Require js-iterator. TODO: npm

var Iterator = require('js-iterator');

On creation, iterators take a next function in node callback style. To get the next value from the iterator, call its next method.

// cb(err, item)
function nextRandom(cb) {
    cb(null, Math.random());
}

var it = new Iterator(nextRandom);

it.next(function (err, item) {
  console.log(item);
});
0.13976101111620665

The random iterator is infinite, so conversion to an array would take forever. But we can constrain the length using take and then get an array of the finite sequence using toArray.
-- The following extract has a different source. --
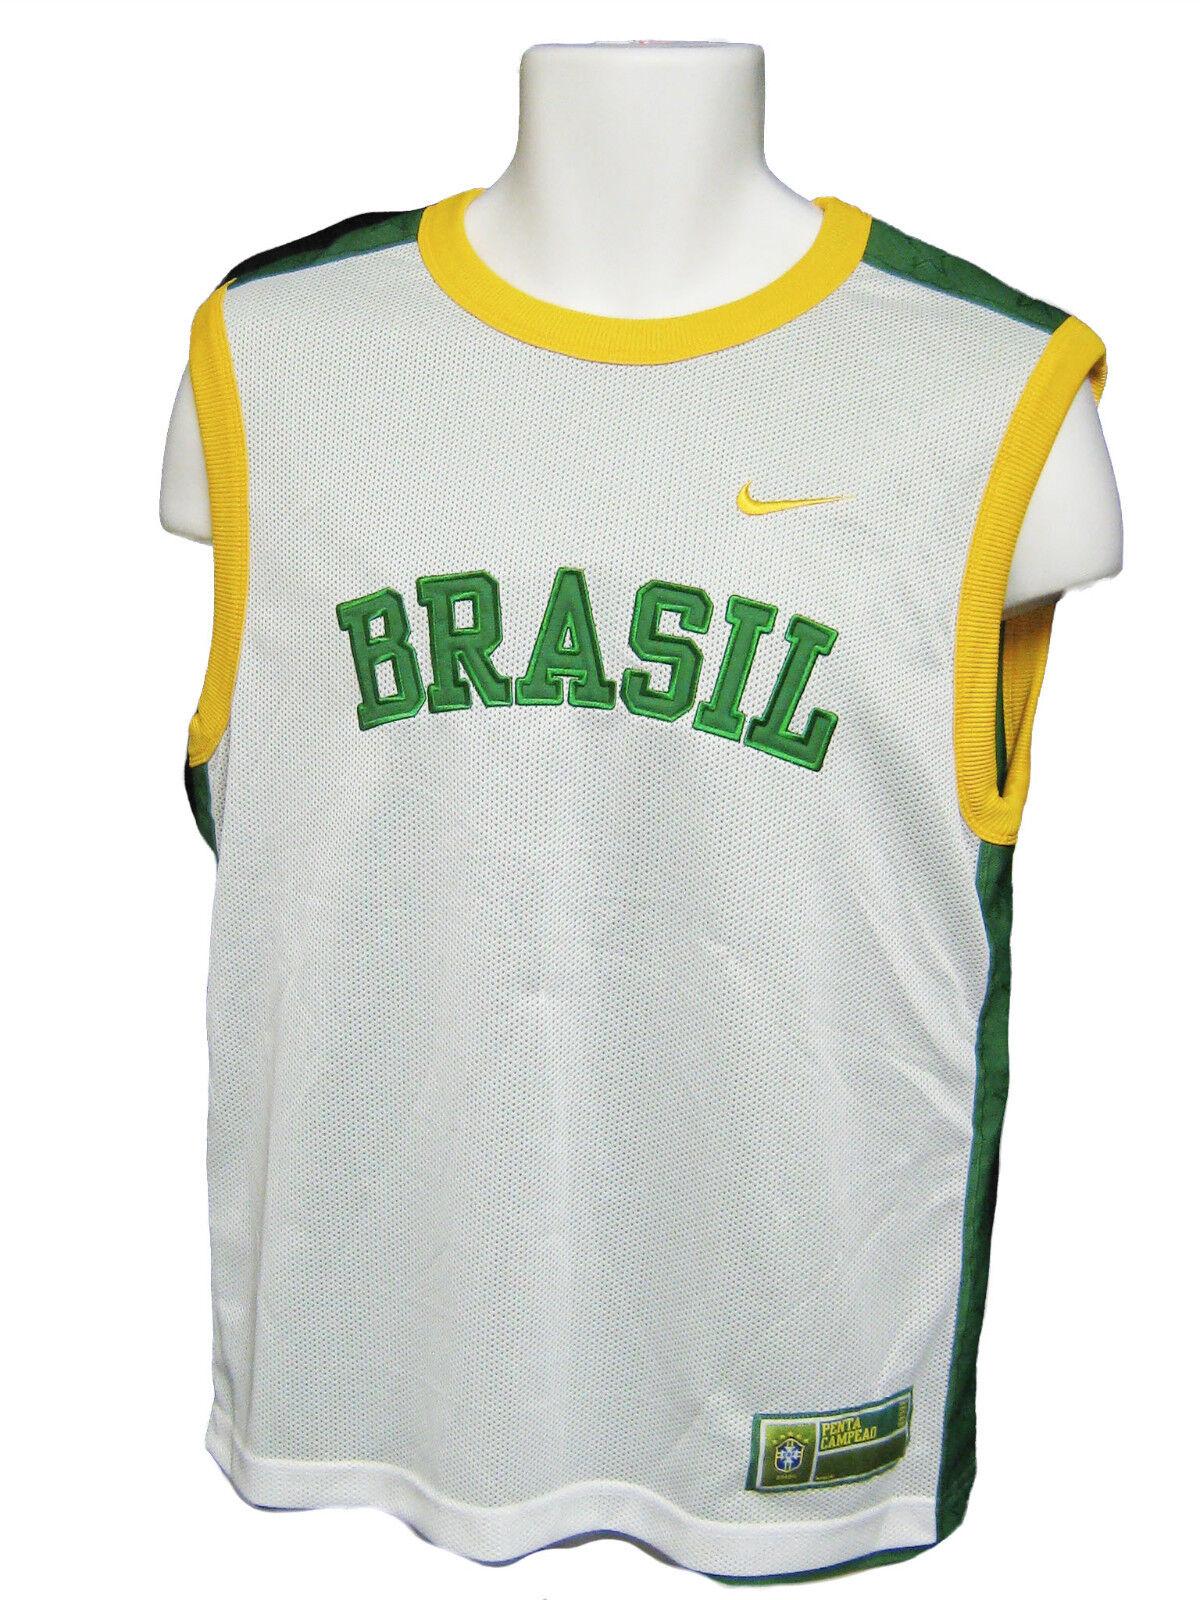 NIKE BRAZIL Dual Layer Reversible Football Training Vest Sleeveless Shirt  M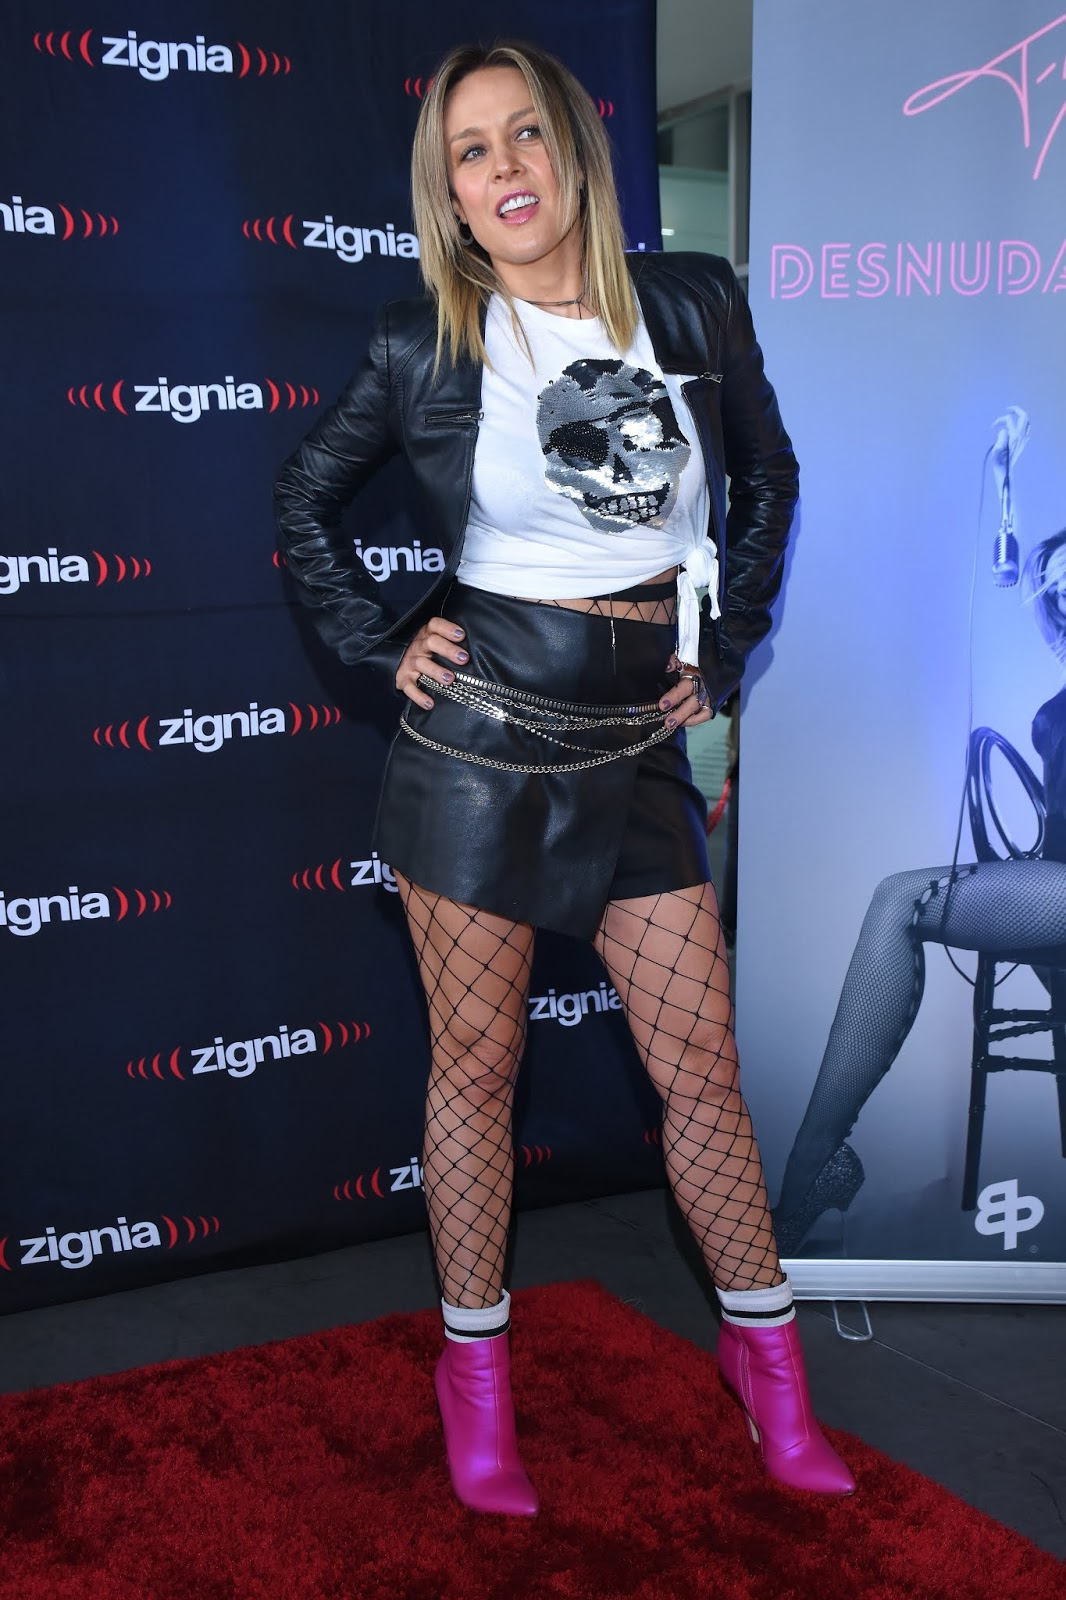 Ana Patricia Gamez Desnuda maria fernanda blazquez gil 'fey' attends a press conference

it.take(5).toArray(function (err, result) {
  console.log(result);
});
[ 0.8878921919967979,
  0.8639499587006867,
  0.8767323752399534,
  0.7335713140200824,
  0.9920800605323166 ]

To convert the random real sequence [0,1) into a random integer sequence [1,6] use the map method.

var d6 = it.map(function (x) {
  return Math.floor(x * 6) + 1;
});

d6.take(4).toArray(function (err, result) {
  console.log(result);
});
[ 6, 1, 4, 1 ]

To keep track of how many times we rolled the d6, use the zipWithIndex method.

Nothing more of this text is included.